Lender has entered into that certain Debenture (the "Debenture"), dated as
of the date hereof, by and between Lender and the Purchasers. The obligations
under the Debenture are secured by that certain Security Agreement, dated as of
the date hereof (the "Security Agreement"), and guaranteed by the Company. The
Company, Purchasers and Lender (the "Parties") have requested that Escrow Agent
act as Escrow Agent as provided herein.
It is agreed as follows:
1. Escrow Property. Purchasers shall deliver to Escrow Agent 3,740,484
shares of common stock of the Company (the "Common Stock"), registered
in the name of the Purchasers, and which shall be and remain
beneficially owned by the Purchasers for all reporting purposes.
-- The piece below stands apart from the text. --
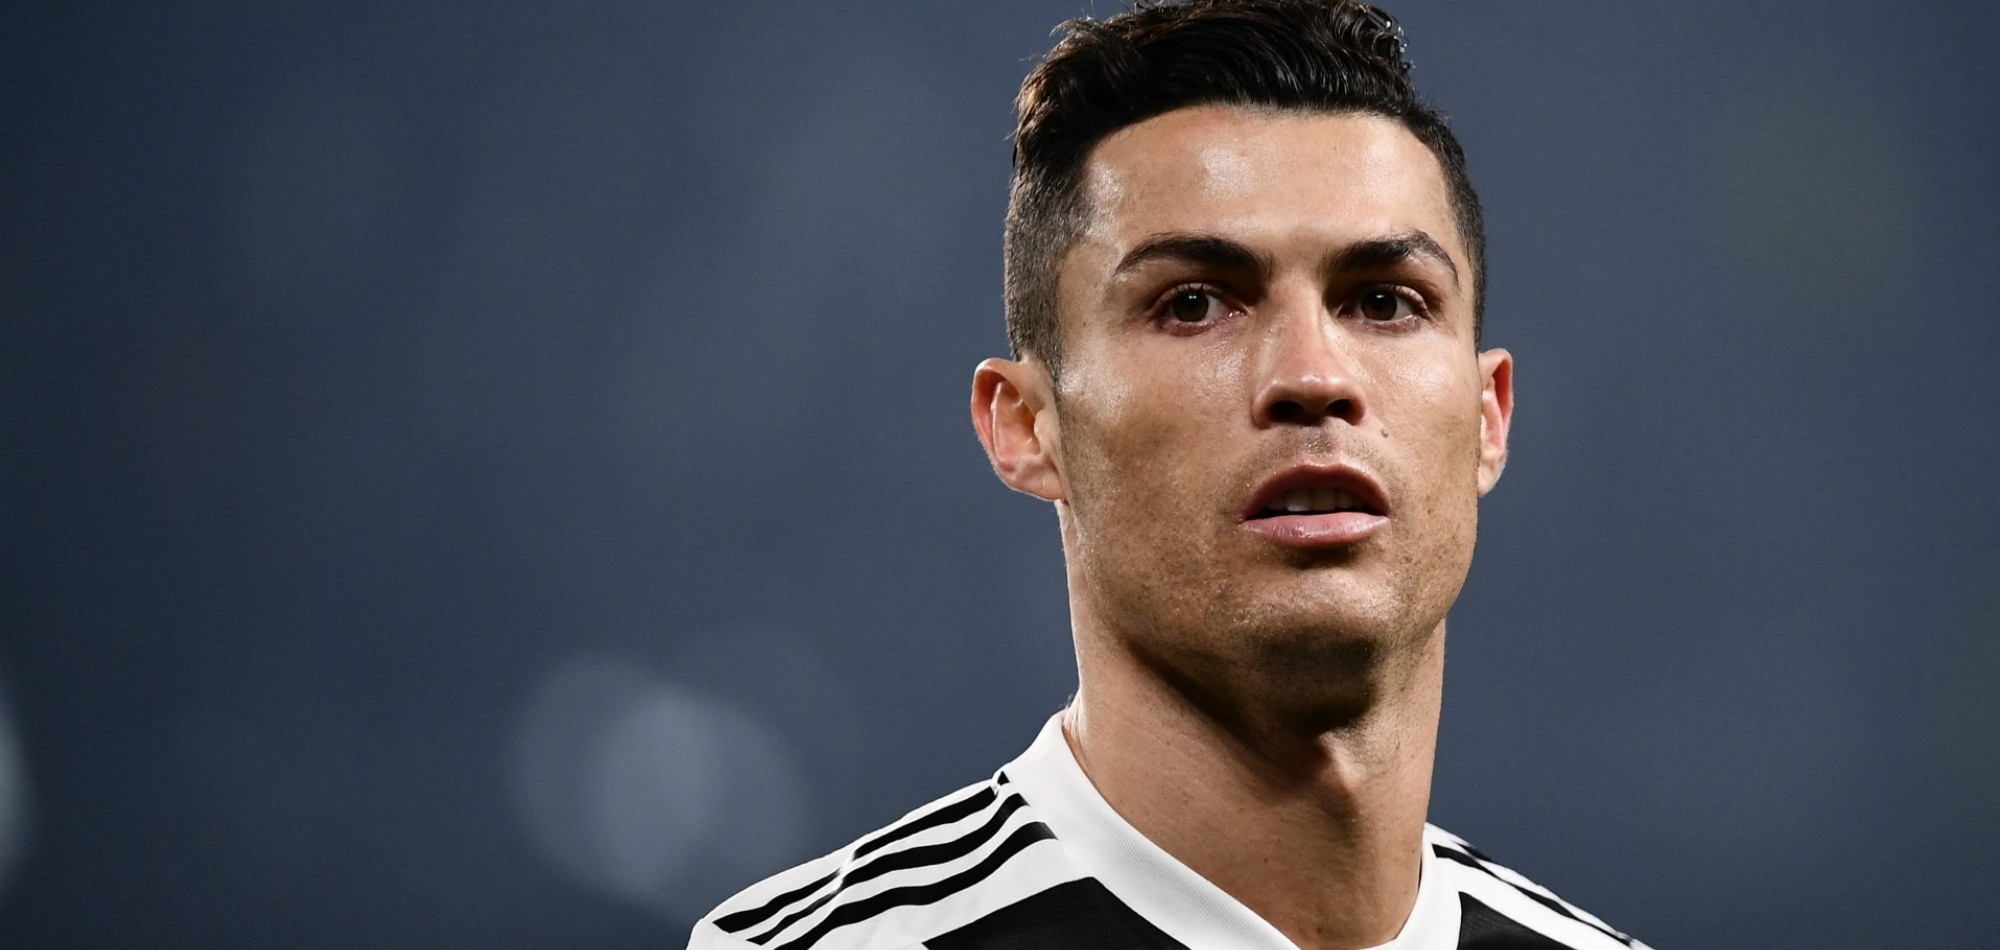 Cristiano Ronaldo committed to Juventus
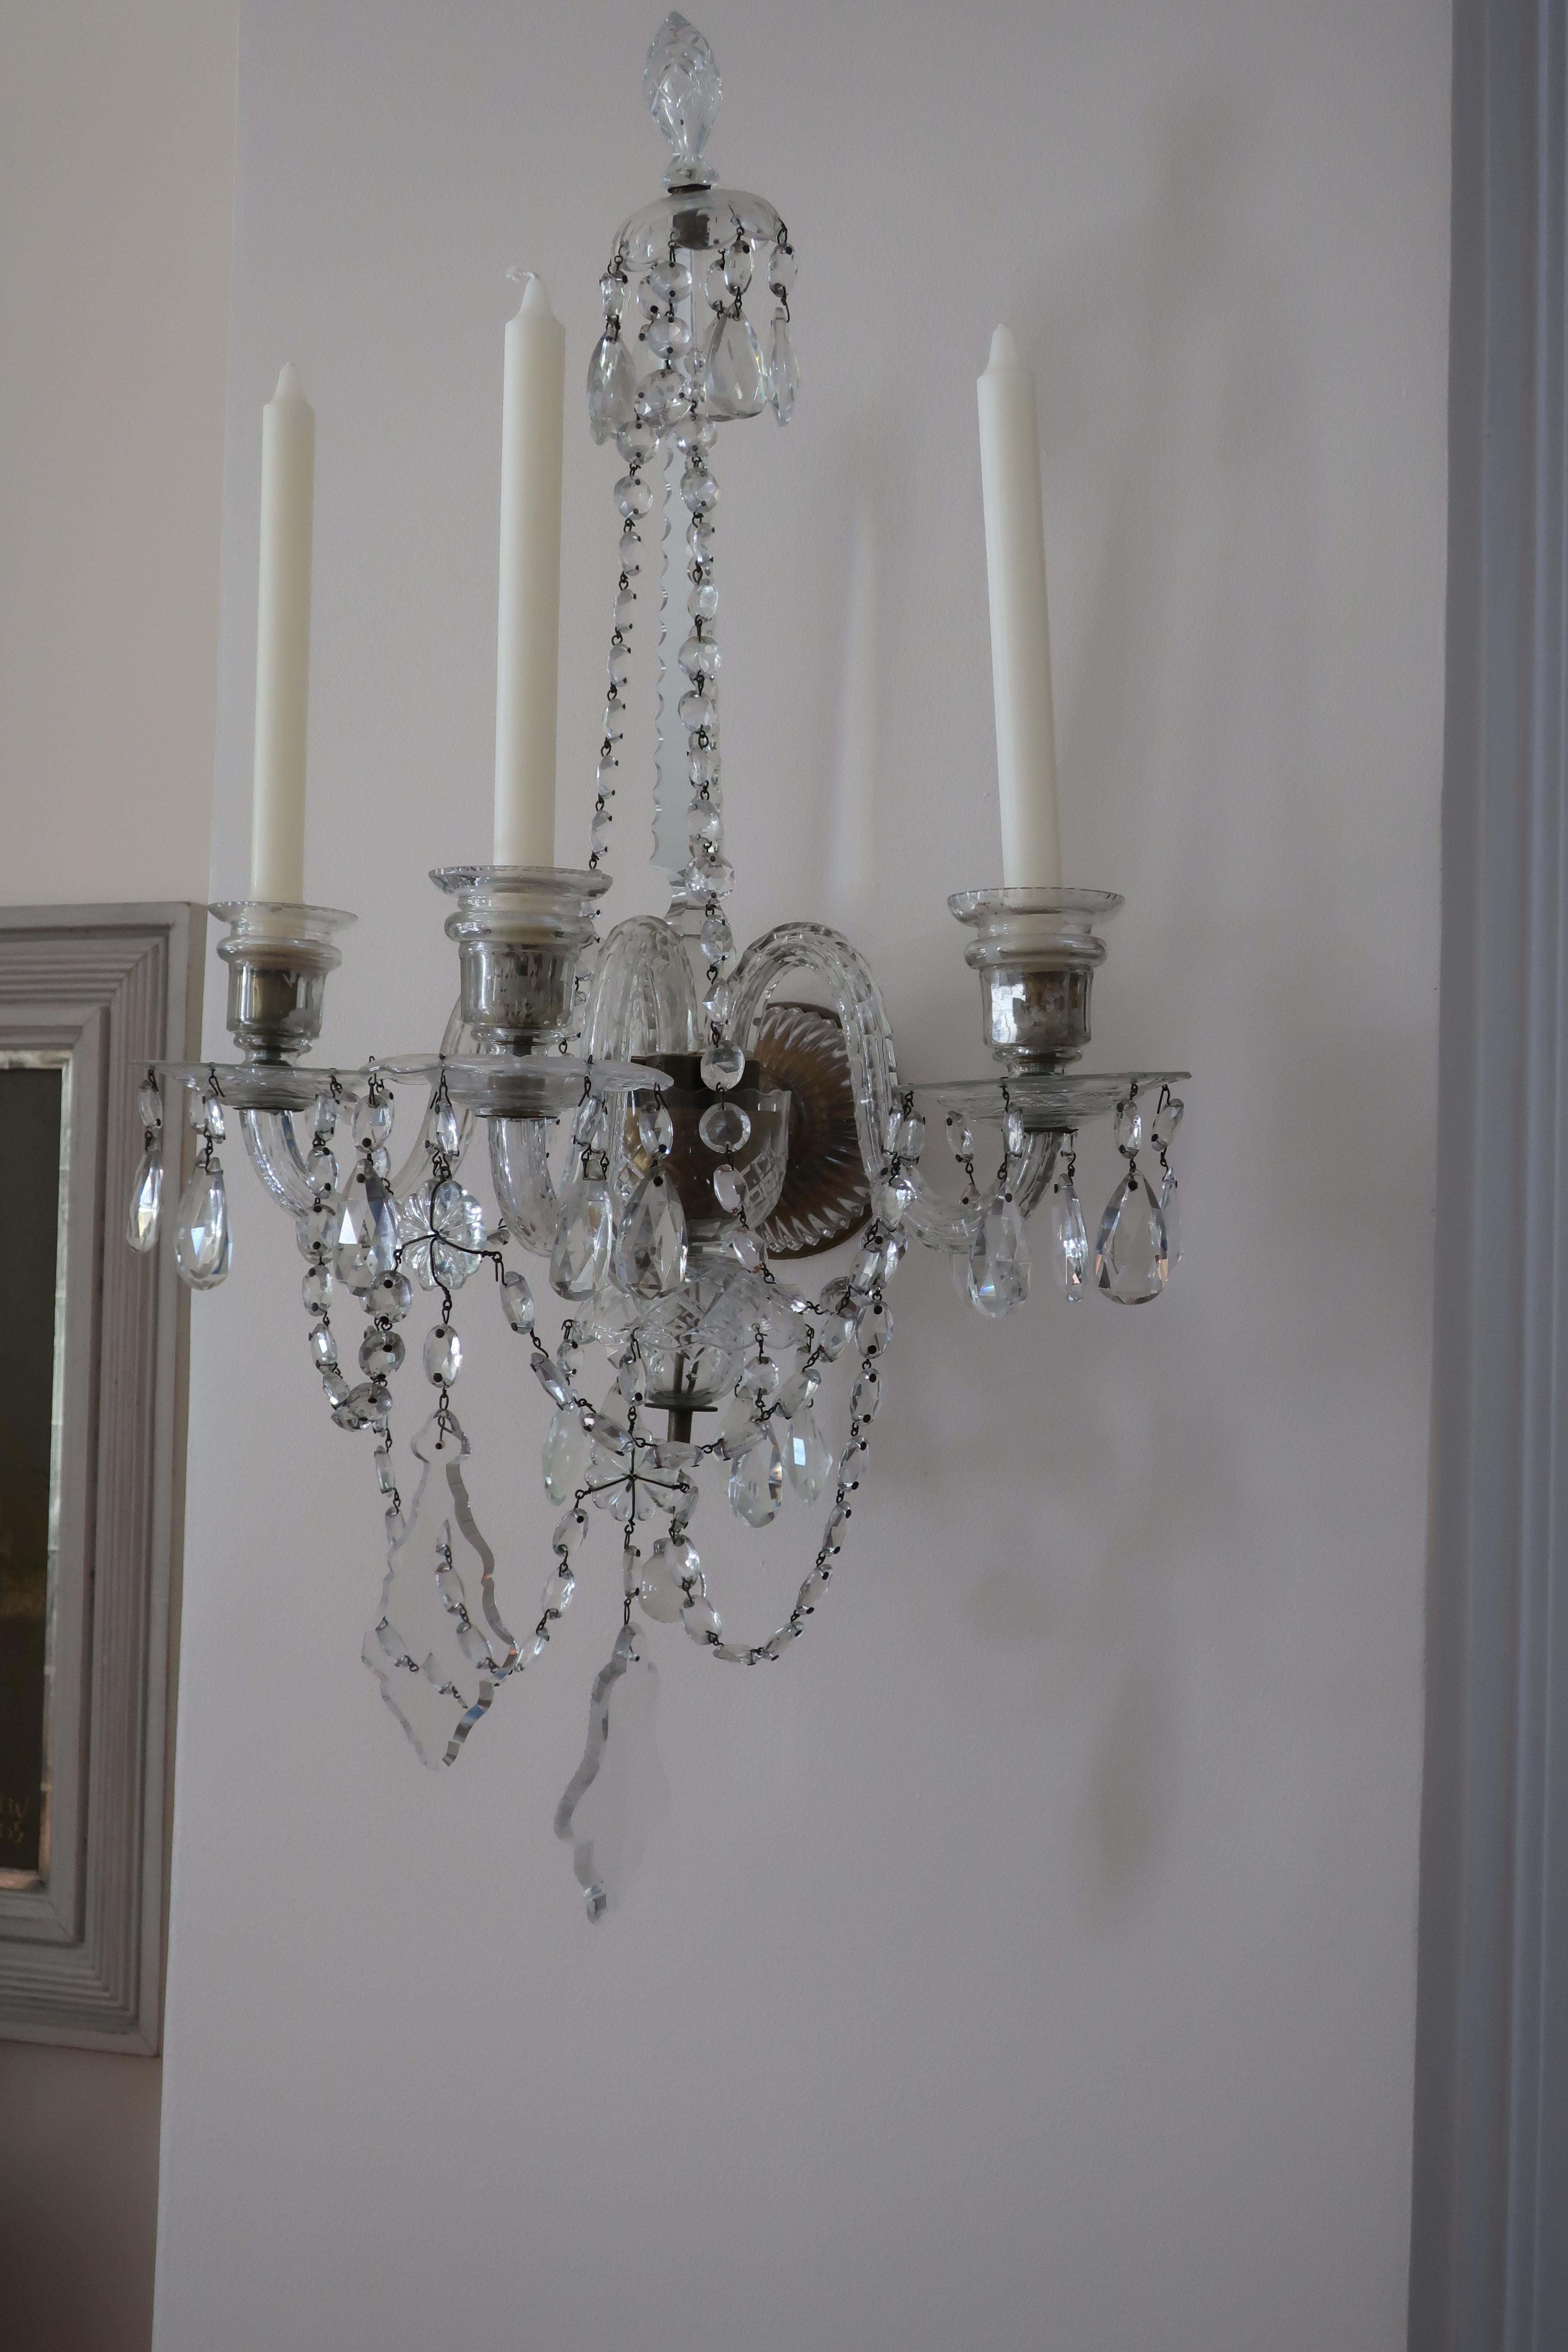 Pair of baccarat style three-arm crystal wall sconces
A stunning and large scale pair of French 19th century Louis XVI style Baccarat cut-lead crystal three-arm sconces. Each sconce is topped by a beautiful glass obelisk mirrored spire. The three

The
Purchasers shall have the sole and absolute right to vote such shares
so long as there is no breach or default under, or an Event of Default
exists under, either the Security Agreement or the Debenture.
2. Disbursement.
2.1 Upon an Event of Default. Thirty (30) days after Escrow Agent
receives notice from Lender of an Event of Default, Escrow agent
shall, and the Parties hereby irrevocably instruct Escrow Agent
to, release the Common Stock to Lender. Escrow Agent shall cause
the Company's transfer agent to register such shares in the name
of Lender immediately prior to such transfer, and Escrow Agent's
duties hereunder shall immediately terminate with no liability to
any of the Parties.
2.2 Termination. Upon satisfaction of all obligations under the
Debenture, this Escrow Agreement shall terminate, and Escrow
Agent shall return the Common Stock to Xxxxx Xxxxxxxxx, counsel
to the Purchasers. Upon such delivery, Escrow Agent's duties
hereunder shall immediately terminate with no liability to any of
the Parties.
3. Escrow Agents as Special Counsel to Parties. The Parties acknowledge
that they are each aware that Escrow Agent is acting, and has acted,
as counsel to the Company and Lender in connection with this
Agreement, the Debenture, and the various other agreements entered
into in connection with the transactions with SNW, as well as the
consummation of the transactions contemplated by such agreements and
other matters and that the Escrow Agent is a law firm and has been,
and may in the future be, involved with representing the Company and
its current shareholders and/or consultants with respect to any of the
foregoing or any other matter. The Parties agree that the Escrow Agent
acting under this Agreement shall not affect the Escrow Agent's
ability to act as counsel to the Company or any of its
representatives, shareholders or officers in any matter, including,
but not limited to, any claim, action or proceeding with respect to
this Agreement, any of the transactions contemplated by this agreement
or the disposition of, or entitlement to, the Common Stock.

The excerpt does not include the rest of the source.